Another thing to watch for is ...between the toes... when you see the hoof splaying out ....as illustrated in the picture... then trim between the hoof as well also pictured....a little off at a time... until the hoof closes properly...when holding it together...or you reach pink....then stop...if more needs to be trimmed... try again in 2 weeks....This is only once in a great while... to trim this area..... but has to be watched as well.... Hope this helps... :thumb:


----------



## Itchysmom (Apr 3, 2010)

I will start a new thread tomorrow...is this the right section? When I go out to milk , I will take pics of her Sasha's feet. The hind ones are worse than the front and Bellas are bad but, not as bad. Then there are the kids who are 2 1/2 months old now.
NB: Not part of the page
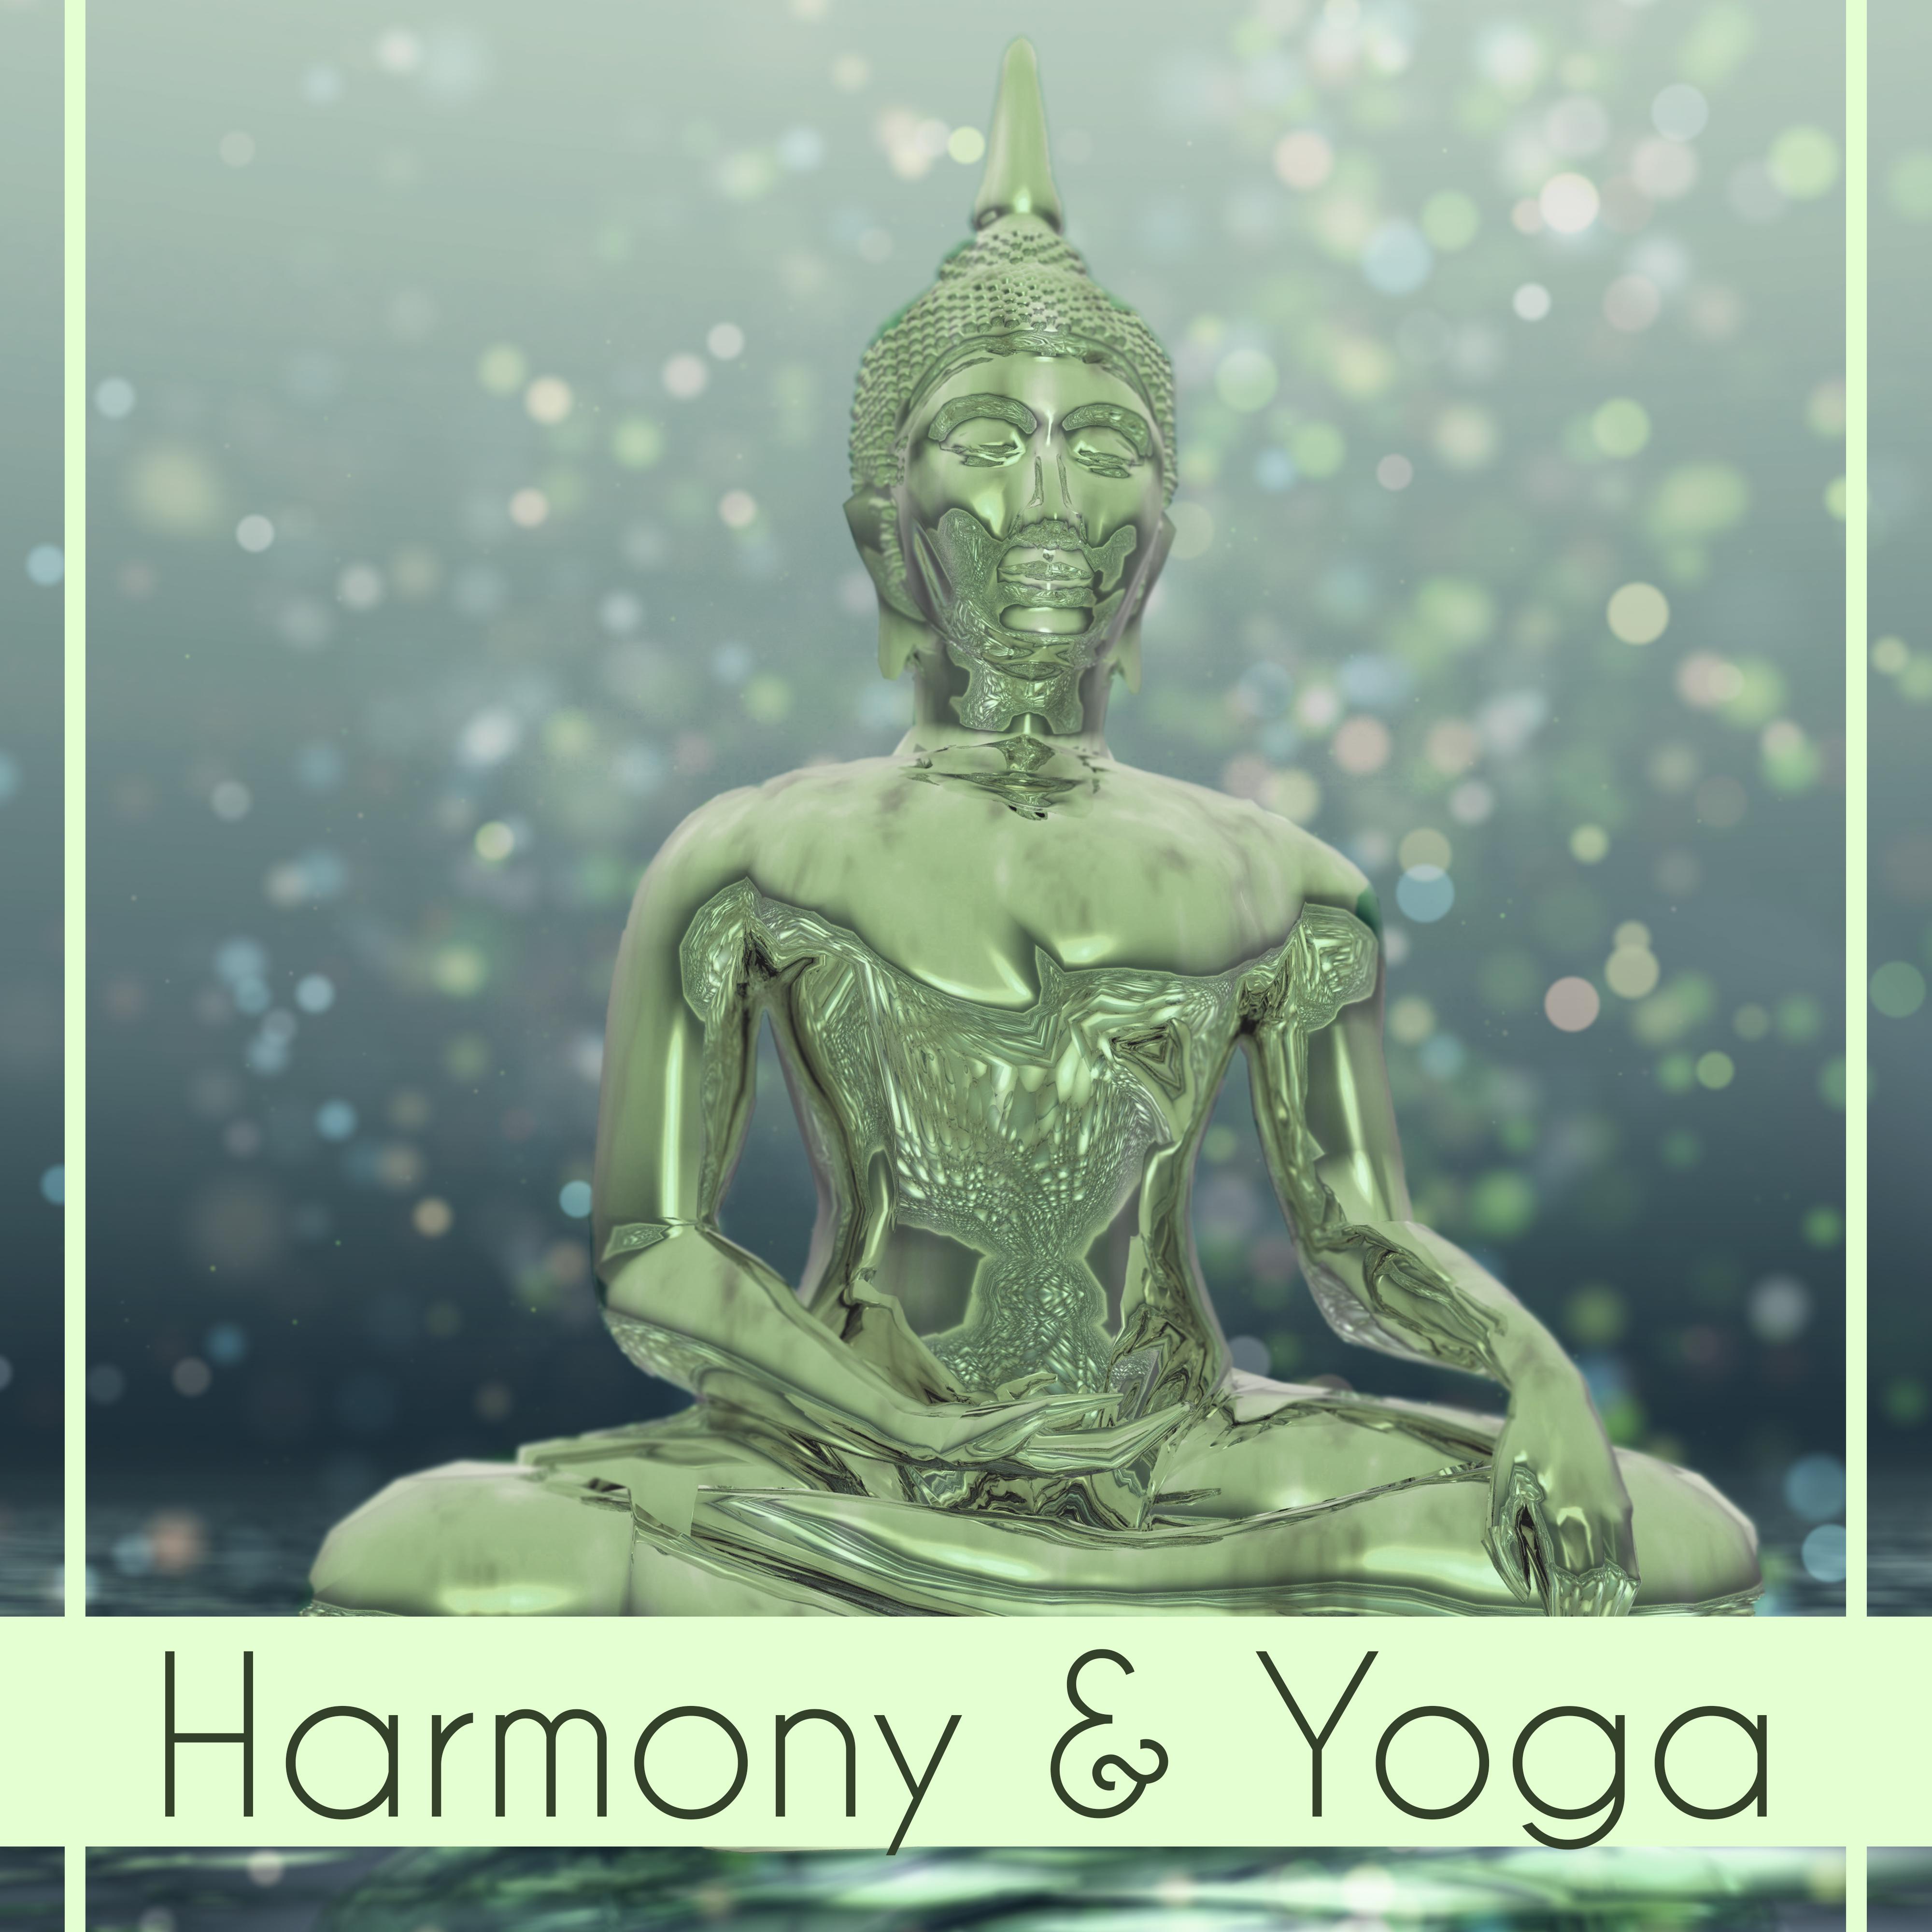 Harmony  Yoga  Meditation Music, Zen, Training Yoga, Peaceful Music for Relief, Clear Mind, Calmness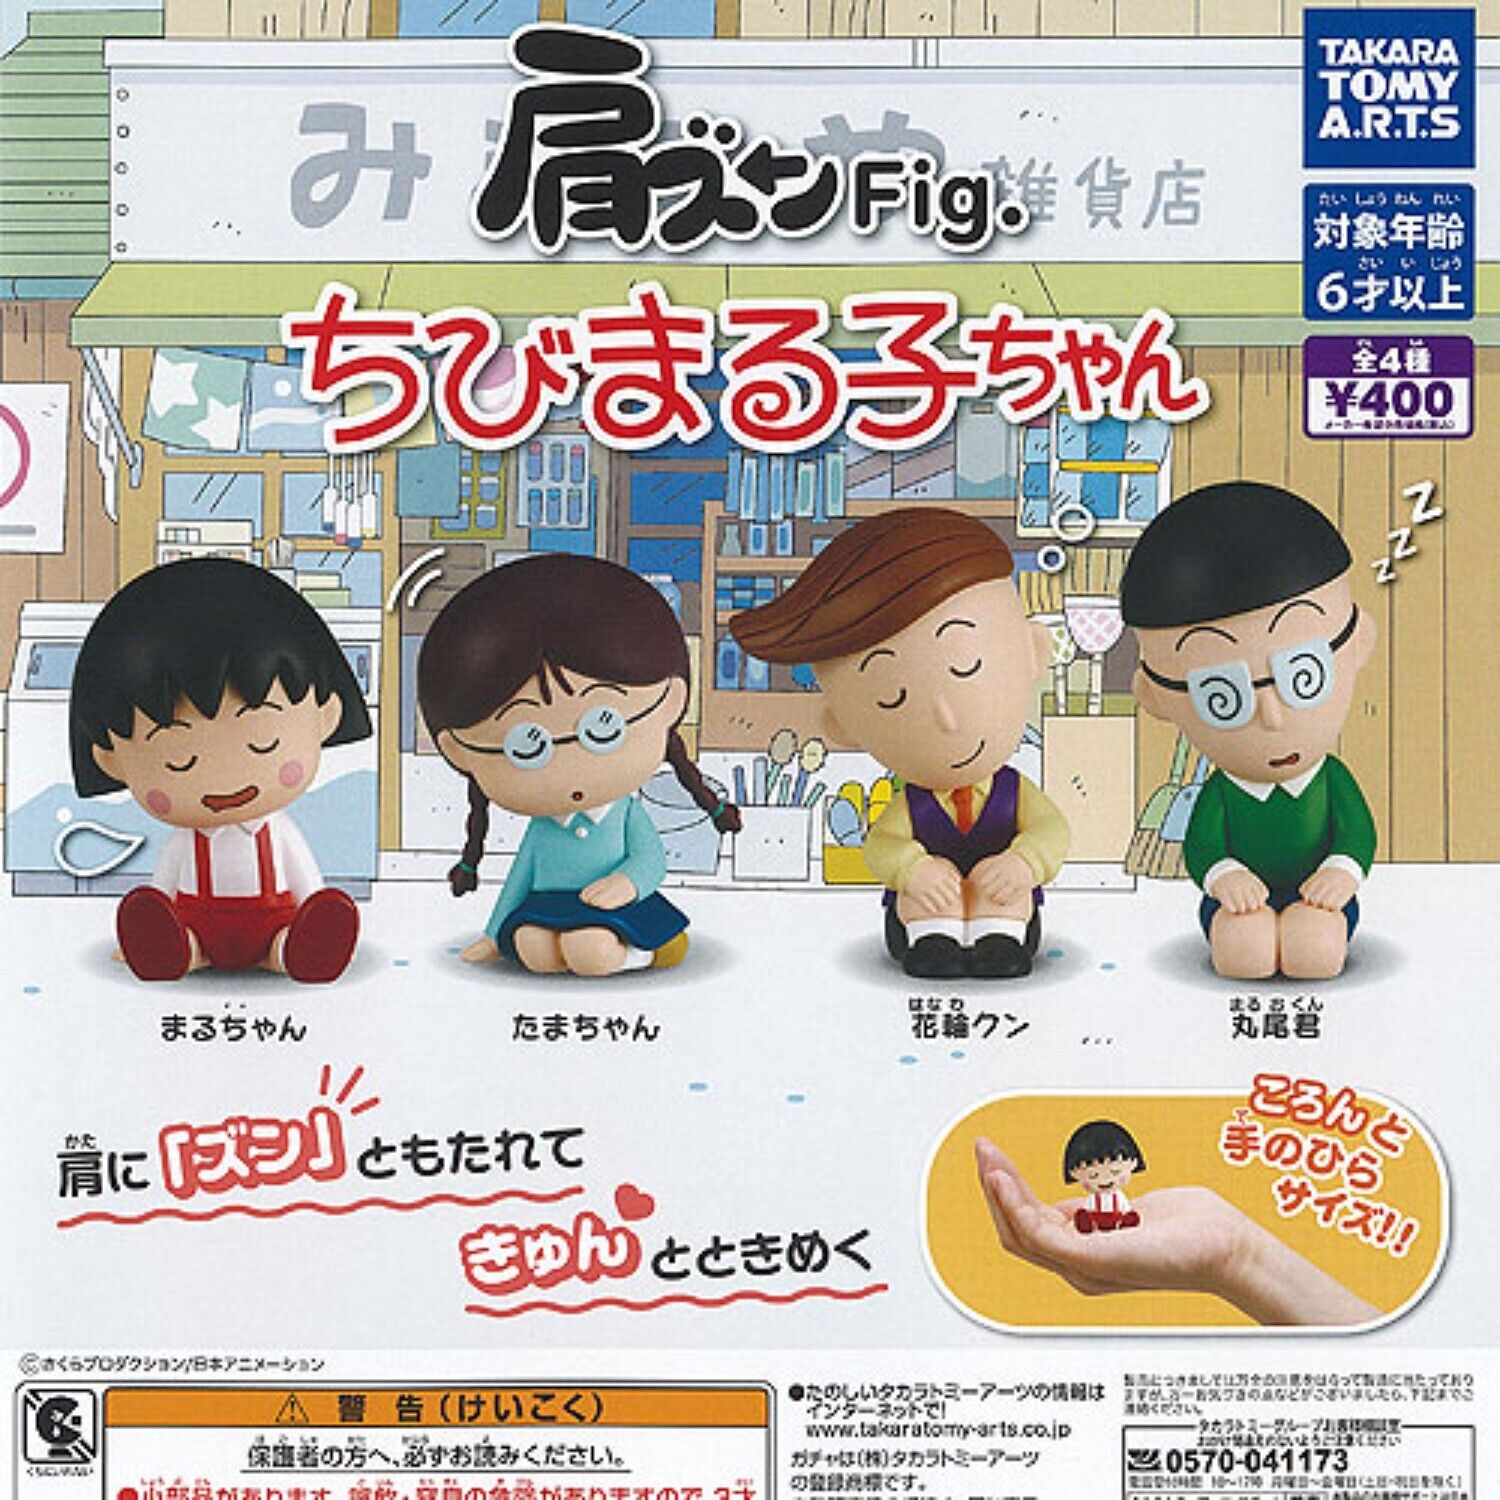 Shoulder Zun Fig. Chibi Maruko-chan Capsule Toy 4 Types Full Comp Set Gacha New

Yes I have some hand held pruning shears ansd I just asked hubby if her could sharpen them, I'll include pics of those and my file. Then let 'er rip as I need to get this done!


----------



## toth boer goats (Jul 20, 2008)

> I will start a new thread tomorrow...is this the right section? When I go out to milk , I will take pics of her Sasha's feet. The hind ones are worse than the front and Bellas are bad but, not as bad. Then there are the kids who are 2 1/2 months old now.
> 
> Yes I have some hand held pruning shears ansd I just asked hubby if her could sharpen them, I'll include pics of those and my file. Then let 'er rip as I need to get this done!


 Yes.. this is the right category... :wink:

Sounds good ...we will wait for the pics... in your new post topic... :thumb:


----------



## 3stooges (Jun 20, 2011)

toth boer goats said:


> Another thing to watch for is ...between the toes... when you see the hoof splaying out ....as illustrated in the picture... then trim between the hoof as well also pictured....a little off at a time... until the hoof closes properly...when holding it together...or you reach pink....then stop...if more needs to be trimmed... try again in 2 weeks....This is only once in a great while... to trim this area..... but has to be watched as well.... Hope this helps... :thumb:


Thanks, Pam. Haven't noticed this part to be a problem. Will check them during tonight's feeding.


----------



## toth boer goats (Jul 20, 2008)

No problem.... :thumb:


----------



## packhillboers (Feb 2, 2011)

Yes, I agree! This has been very helpful. The pictures and illustrations were the most helpful. A picture does make up for many words. What instructions would seem obvious to those who are used to looking at hooves isn't to some of us who are new to hoof trimming. Thank you for the pictures and helps.


----------